Un mécanisme alternatif de fusion faisant intervenir la mise en place d'un pore de nature protéique (Figure 10) a alors été suggéré à la suite des travaux réalisés dans le groupe de Mayer sur la fusion vacuolaire dans la levure (Peters, Bayer et al., 2001). Dans ce modèle, le complexe SNARE joue un rôle direct uniquement lors du rapprochement des deux membranes destinées à fusionner, le pore de fusion étant ensuite formé par l'accolement en

trans de deux secteurs V0 de l'ATPase vacuolaire (Figure 10). Ce serait alors la dissociation progressive des sous-unités de chaque secteur V0 qui permettrait l'invasion du pore par les lipides membranaires puis sa dilatation. Des travaux effectués sur le poisson torpille (Morel, Dedieu et al., 2003) ou la drosophile (Hiesinger, Fayyazuddin et al., 2005) suggèrent que ce mécanisme de fusion pourrait s'appliquer au cas de l'exocytose de neurotransmetteurs. Alternativement à cette implication des secteurs V0, il a récemment été proposé que la structure annulaire formée par les domaines transmembranaires des protéines du complexe SNARE pourrait constituer le pore de fusion (Han, Wang et al., 2004).
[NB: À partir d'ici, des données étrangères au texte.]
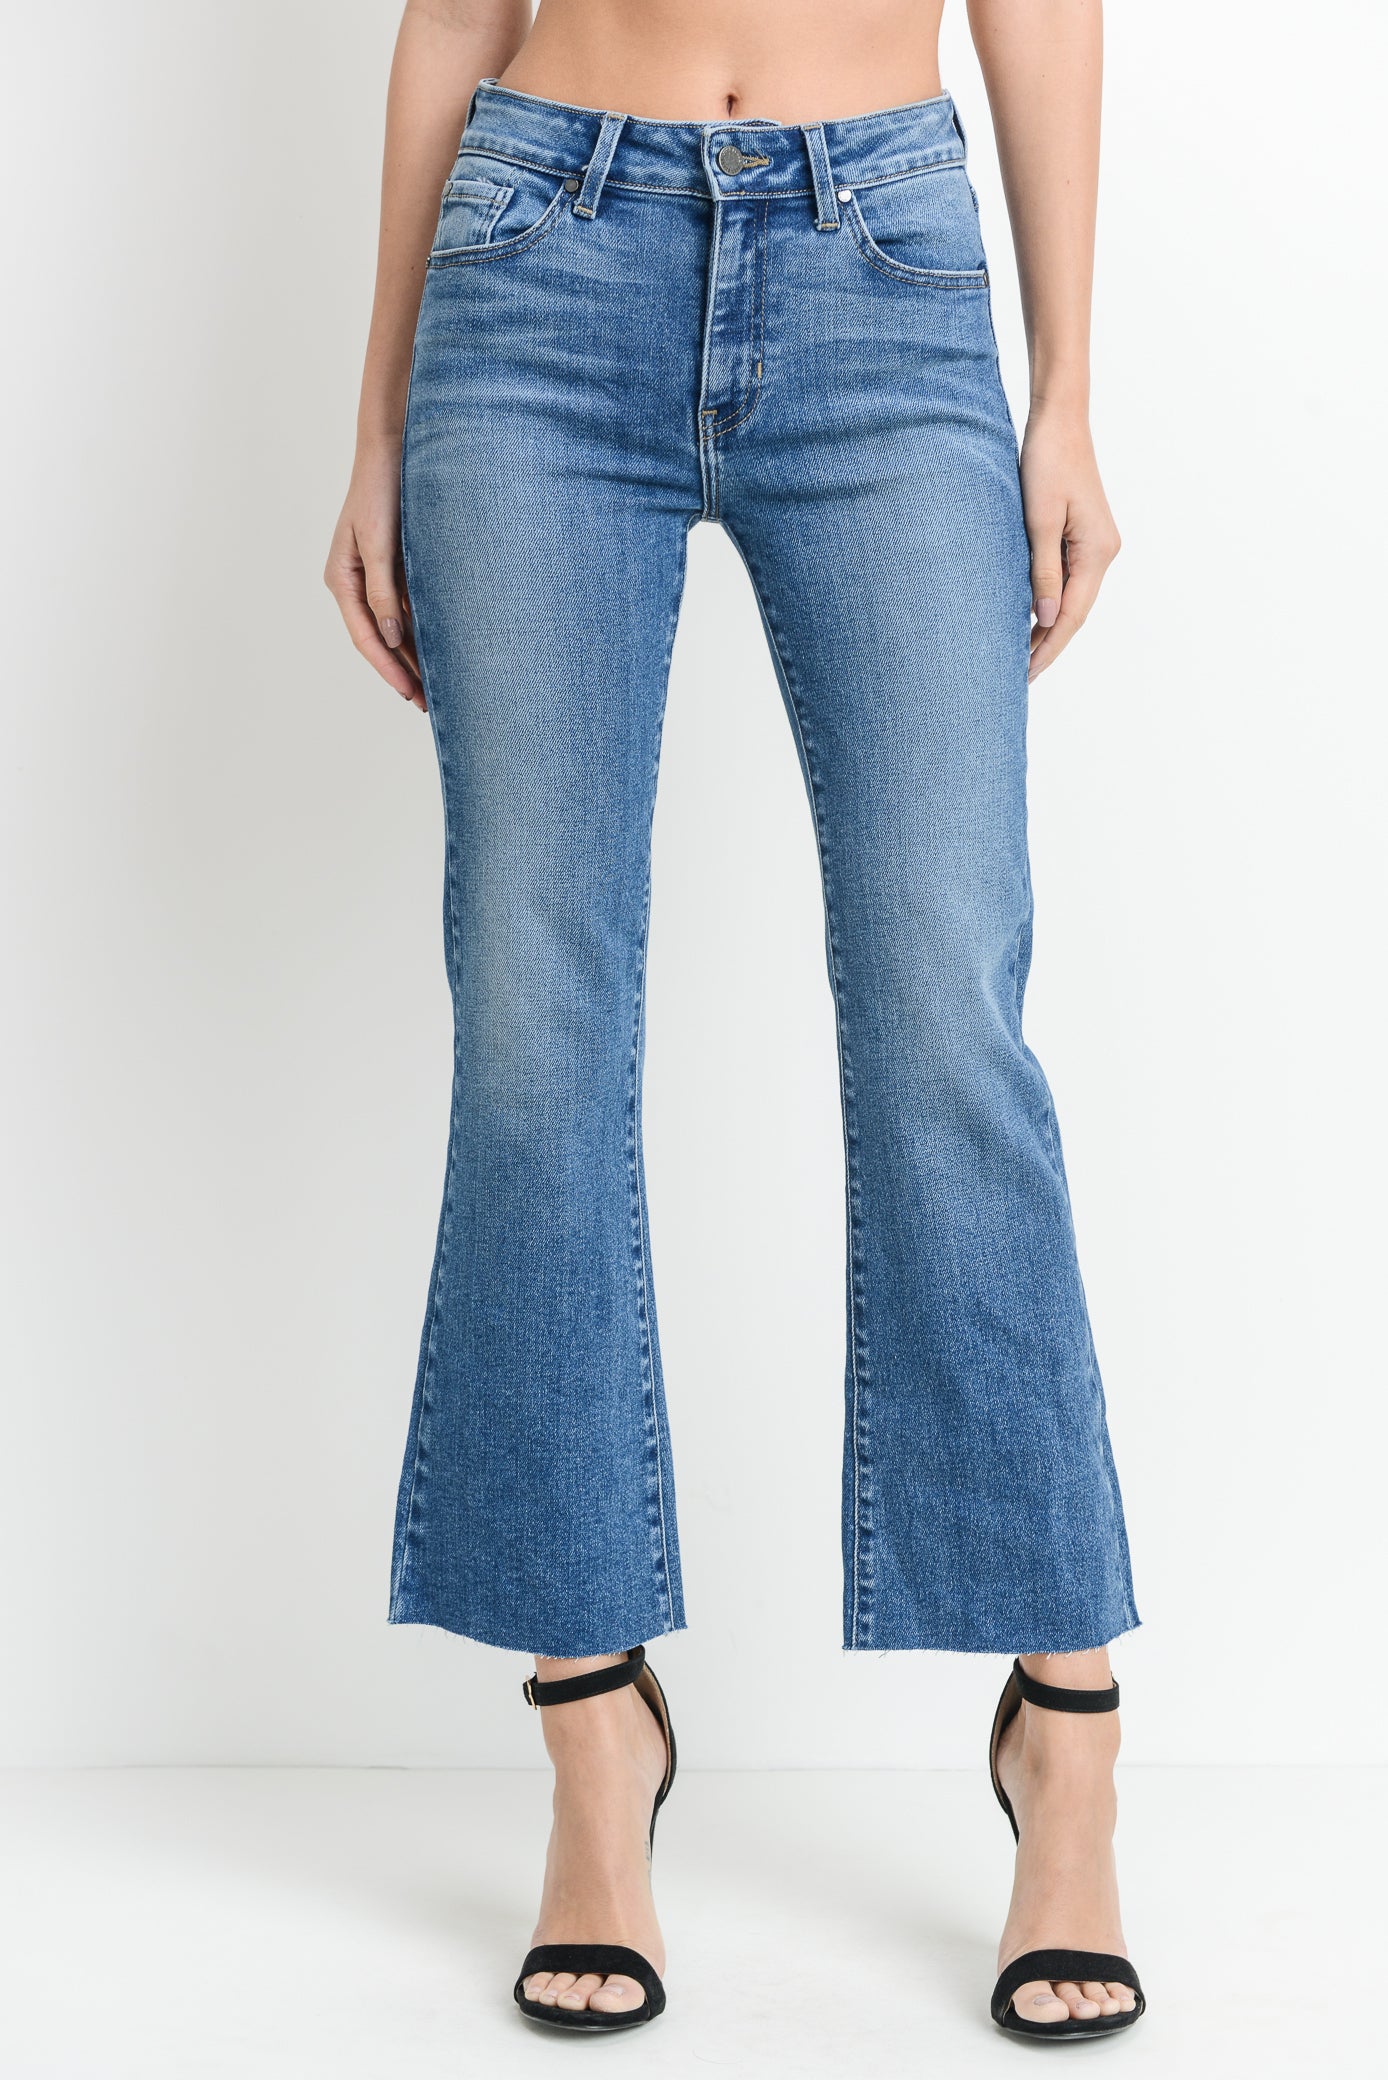 Scissor Cut Crop Flare Jeans at MARIA VINCENT Boutique – Maria Vincent ...

Figure 10 : Fusion via un pore protéique. (1) Formation du pore de fusion par accolement des secteurs V0 de l'ATPase. (2) Dissociation des sous-unités des secteurs V0 permettant l'invasion du pore par les phospholipides puis sa dilatation. D'après (Mayer, 2002).

Cette hypothèse du pore protéique reste aujourd'hui encore très controversée. Ainsi, l'étape d'invasion du pore par des phospholipides lors de la dissociation du complexe protéique à

l'origine de la formation de ce pore est vraisemblablement très couteuse en énergie. Au cours de ce processus, la partie hydrophobe des phopholipides se retrouve en effet au contact du canal aqueux formé par l'accolement des deux complexes protéiques (Figure 10). Ce modèle semble donc difficilement compatible avec l'expansion du pore observée expérimentalement.
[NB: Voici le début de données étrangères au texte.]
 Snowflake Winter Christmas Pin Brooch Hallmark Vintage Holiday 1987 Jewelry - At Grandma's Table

1.1.6.3. Le senseur calcique de l'exocytose : la synaptotagmine

La fusion des vésicules avec la membrane plasmique est déclenchée par une élévation de la concentration de Ca2+ intracellulaire. De nombreuses études désignent la synaptotagmine 1 comme étant la protéine à l'origine de cette sensibilité au calcium du phénomène de fusion membranaire (pour des revues, voir (Koh and Bellen, 2003 ; Sudhof, 2004)). Cette protéine, présente sur la membrane des GS et des VS, possède deux domaines C2 pouvant lier chacun plusieurs ions Ca2+. Ces domaines ont la capacité de s'insérer partiellement dans les membranes en présence de calcium. Il a de plus été montré que la synaptotagmine 1 interagissait avec le complexe SNARE, cette interaction étant dépendante du niveau de Ca2+ intracellulaire. Enfin, il semble que le calcium puisse également induire l'oligomérisation de cette protéine.
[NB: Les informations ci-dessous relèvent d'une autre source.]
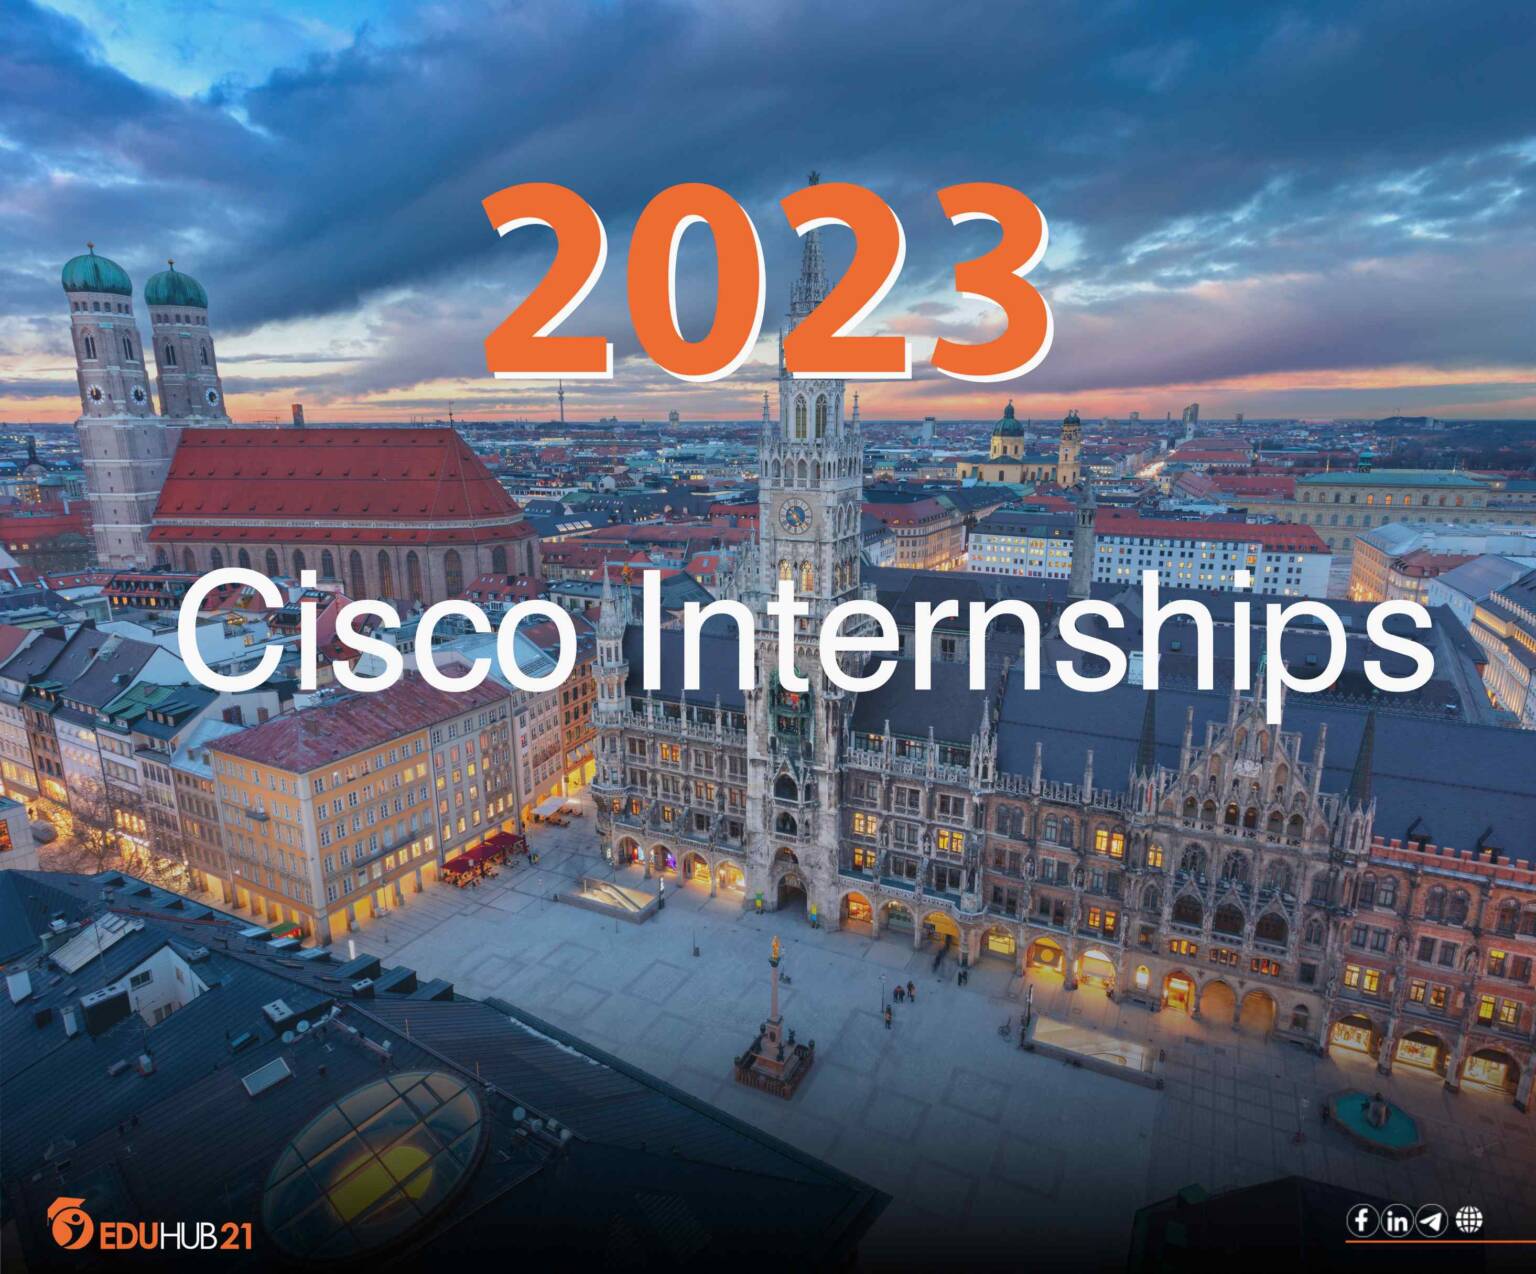 Cisco Internships 2023 Eduhub21

Ces différentes propriétés de la synaptotagmine ont permis d'élaborer différents modèles permettant d'expliquer sa fonction lors de l'étape d'exocytose. L'un de ces modèles suggère que cette protéine serait impliquée directement dans l'ouverture du pore de fusion (Sudhof, 2004). Ainsi, avant la montée de calcium, les membranes vésiculaire et cellulaire seraient maintenues dans un état d'association métastable (peut-être dans un état d'hémifusion) grâce au complexe SNARE. L'élévation du niveau de Ca2+, en provoquant une insertion dans les membranes des domaines C2 de la synaptotagmine, induirait une déstabilisation de ces membranes et la formation du pore de fusion. Ce modèle, qui fait intervenir le calcium à une étape très tardive du processus d'exocytose, permettrait d'expliquer le délai très bref (< 1 ms) observé entre l'élévation de Ca2+ et la fusion des VS dans les neurones. Une étude récente analysant l'effet de mutants de la synaptotagmine sur la fusion des GS semble confirmer le rôle de cette protéine dans l'ouverture du pore de fusion mais montre également qu'elle serait impliquée dans la dilatation de ce pore (Wang, Bai et al., 2006).